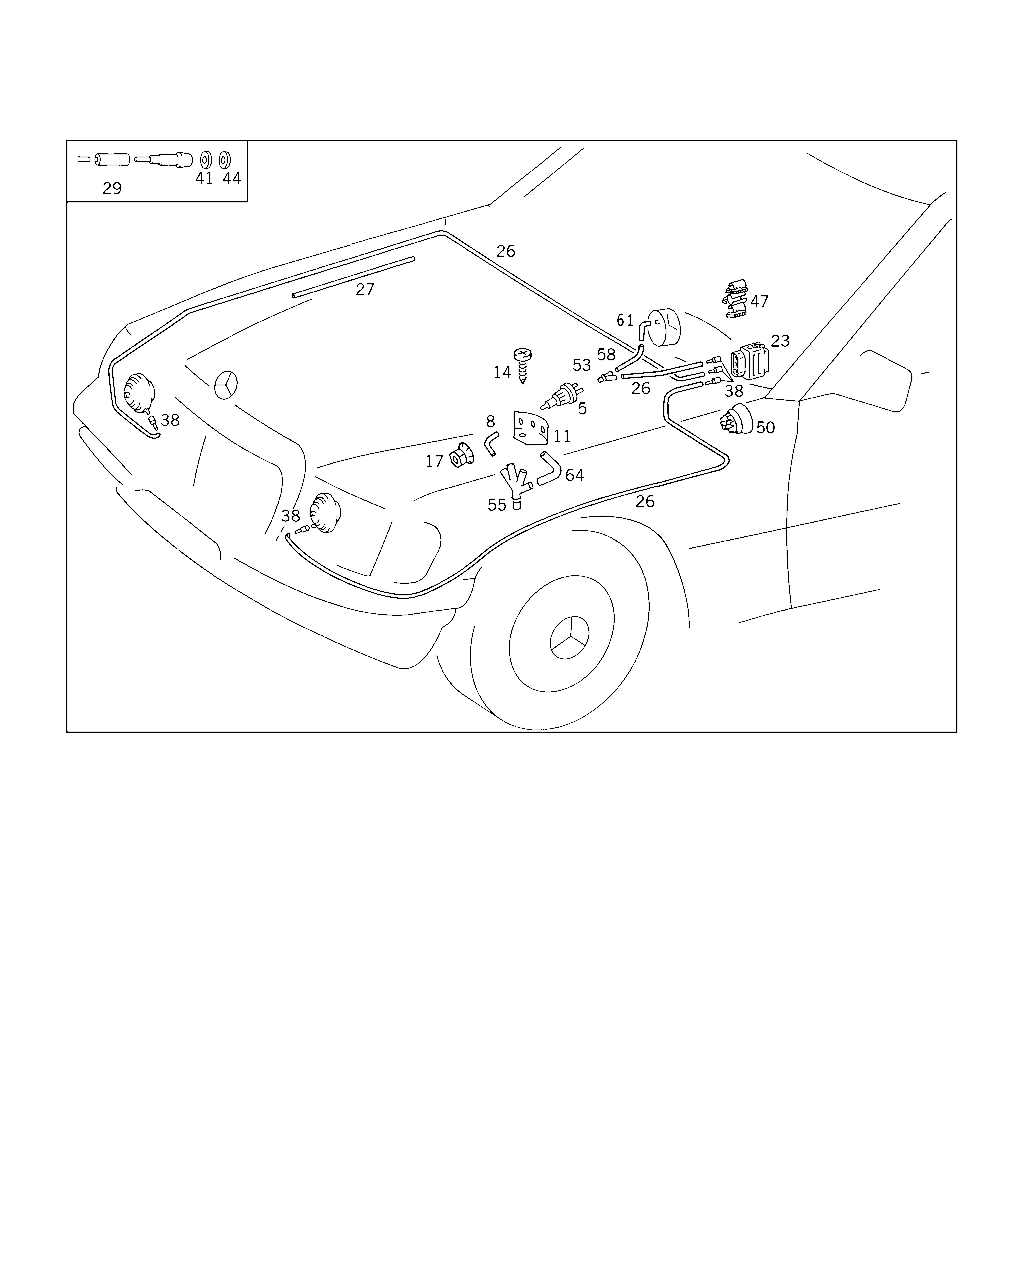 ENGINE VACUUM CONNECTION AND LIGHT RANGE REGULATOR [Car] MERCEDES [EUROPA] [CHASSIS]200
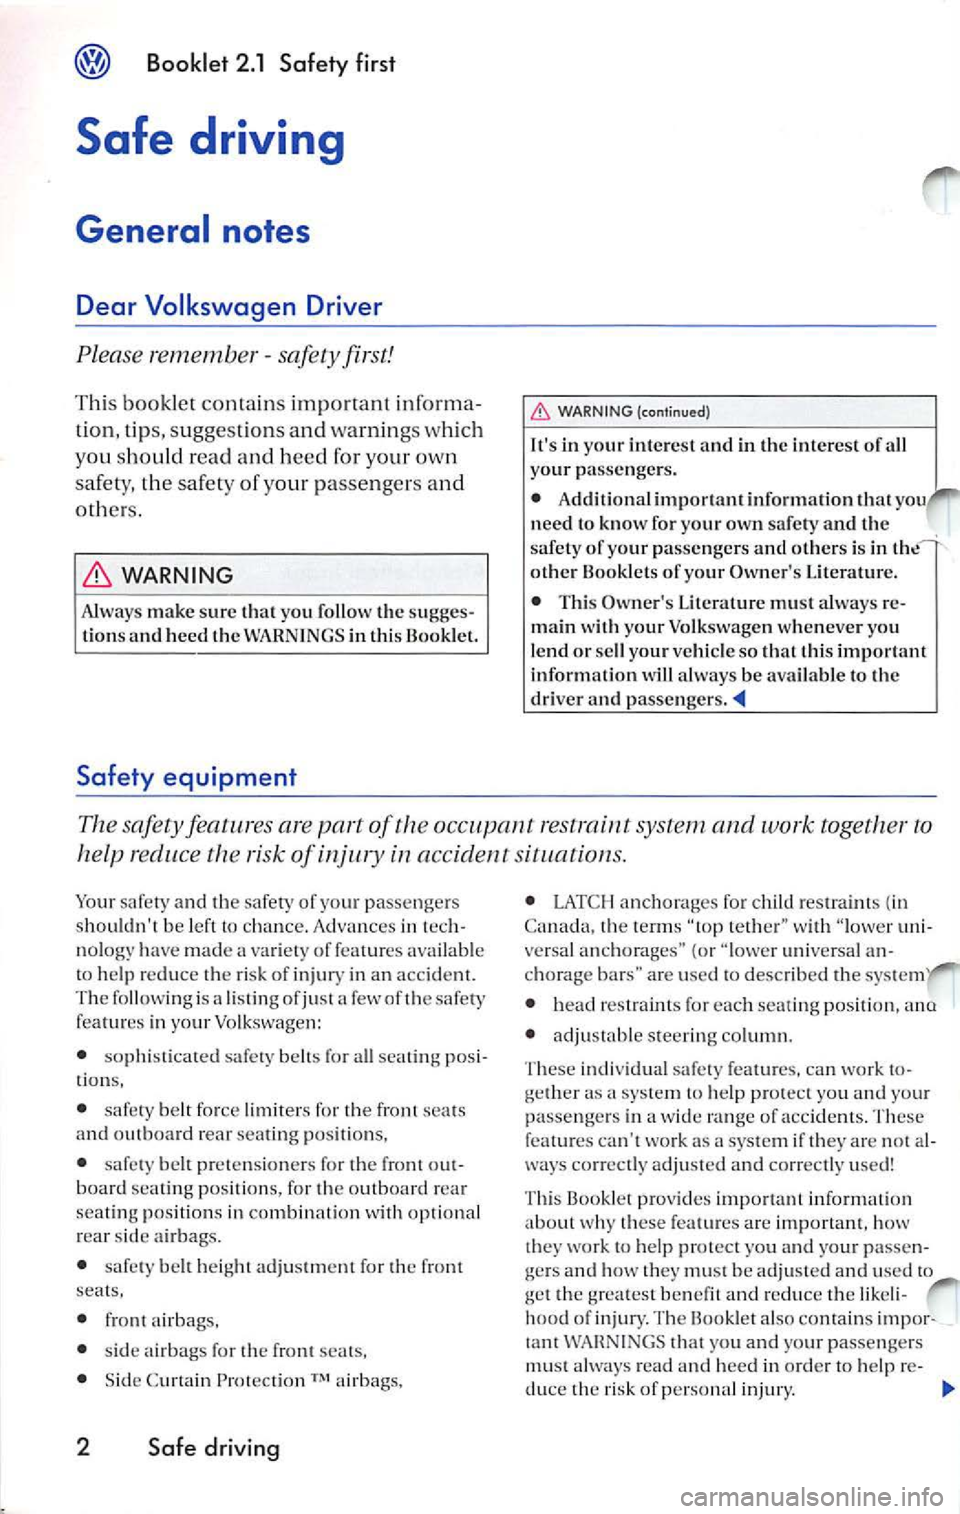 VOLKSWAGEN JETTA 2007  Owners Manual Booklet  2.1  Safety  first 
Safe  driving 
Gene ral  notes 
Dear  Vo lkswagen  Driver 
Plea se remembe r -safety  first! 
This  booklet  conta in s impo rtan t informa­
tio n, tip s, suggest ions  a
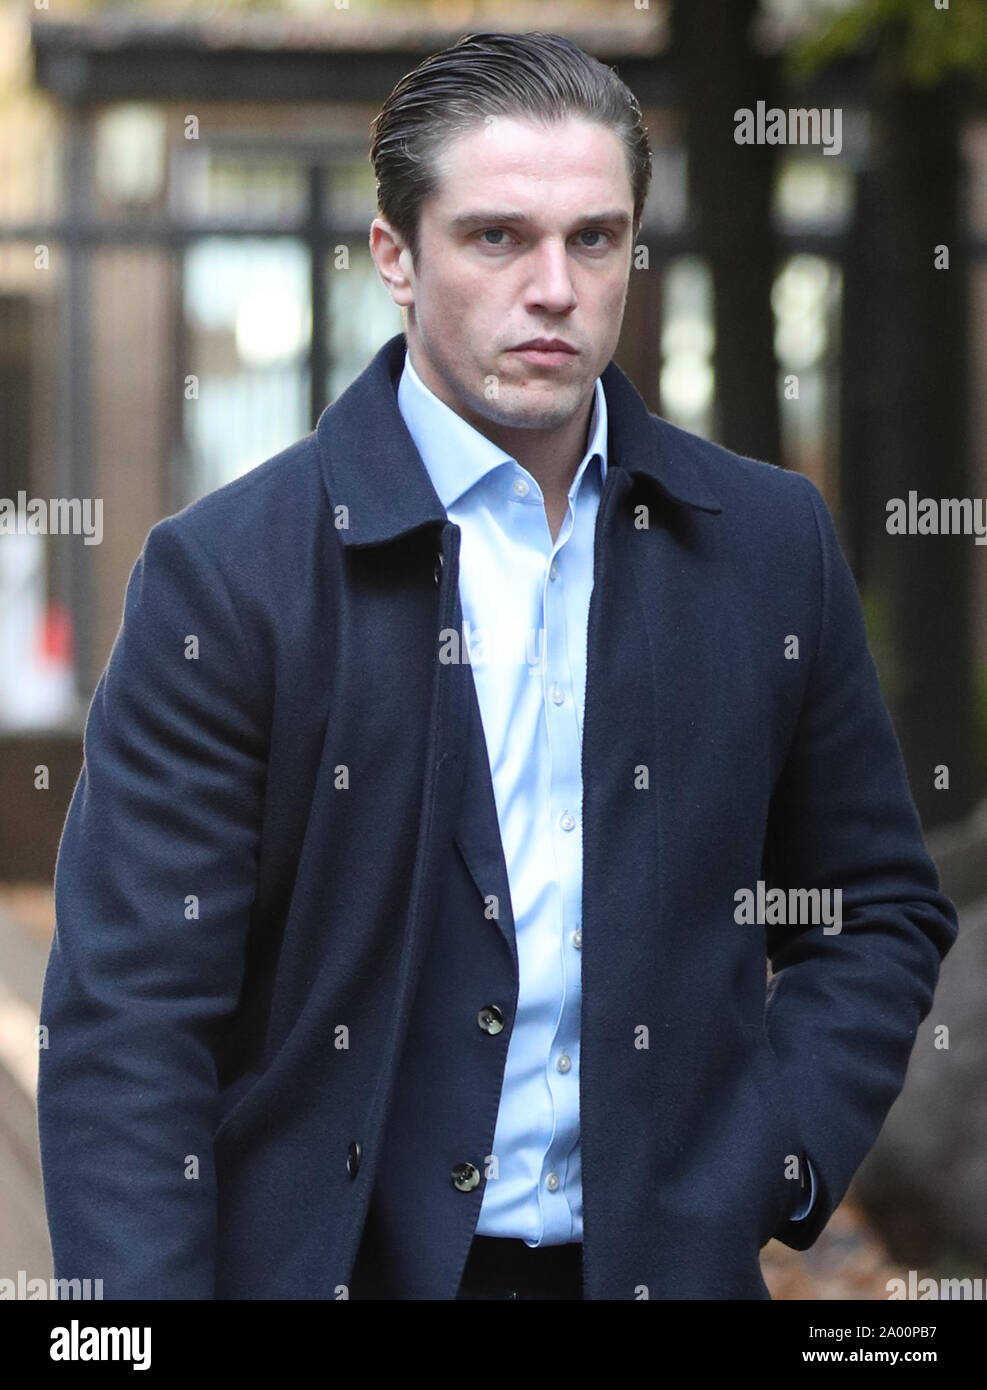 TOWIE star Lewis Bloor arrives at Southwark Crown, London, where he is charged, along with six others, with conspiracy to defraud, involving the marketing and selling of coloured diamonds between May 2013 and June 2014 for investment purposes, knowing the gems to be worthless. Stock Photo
──────
Would you restate the listing word for word and leave every picture out?

 ENGINE VACUUM CONNECTION AND LIGHT RANGE REGULATOR [Car] MERCEDES [EUROPA] [CHASSIS]200
 VOLKSWAGEN JETTA 2007  Owners Manual Booklet  2.1  Safety  first 
Safe  driving 
Gene ral  notes 
Dear  Vo lkswagen  Driver 
Plea se remembe r -safety  first! 
This  booklet  conta in s impo rtan t informa­
tio n, tip s, suggest ions  a
 TOWIE star Lewis Bloor arrives at Southwark Crown, London, where he is charged, along with six others, with conspiracy to defraud, involving the marketing and selling of coloured diamonds between May 2013 and June 2014 for investment purposes, knowing the gems to be worthless. Stock Photo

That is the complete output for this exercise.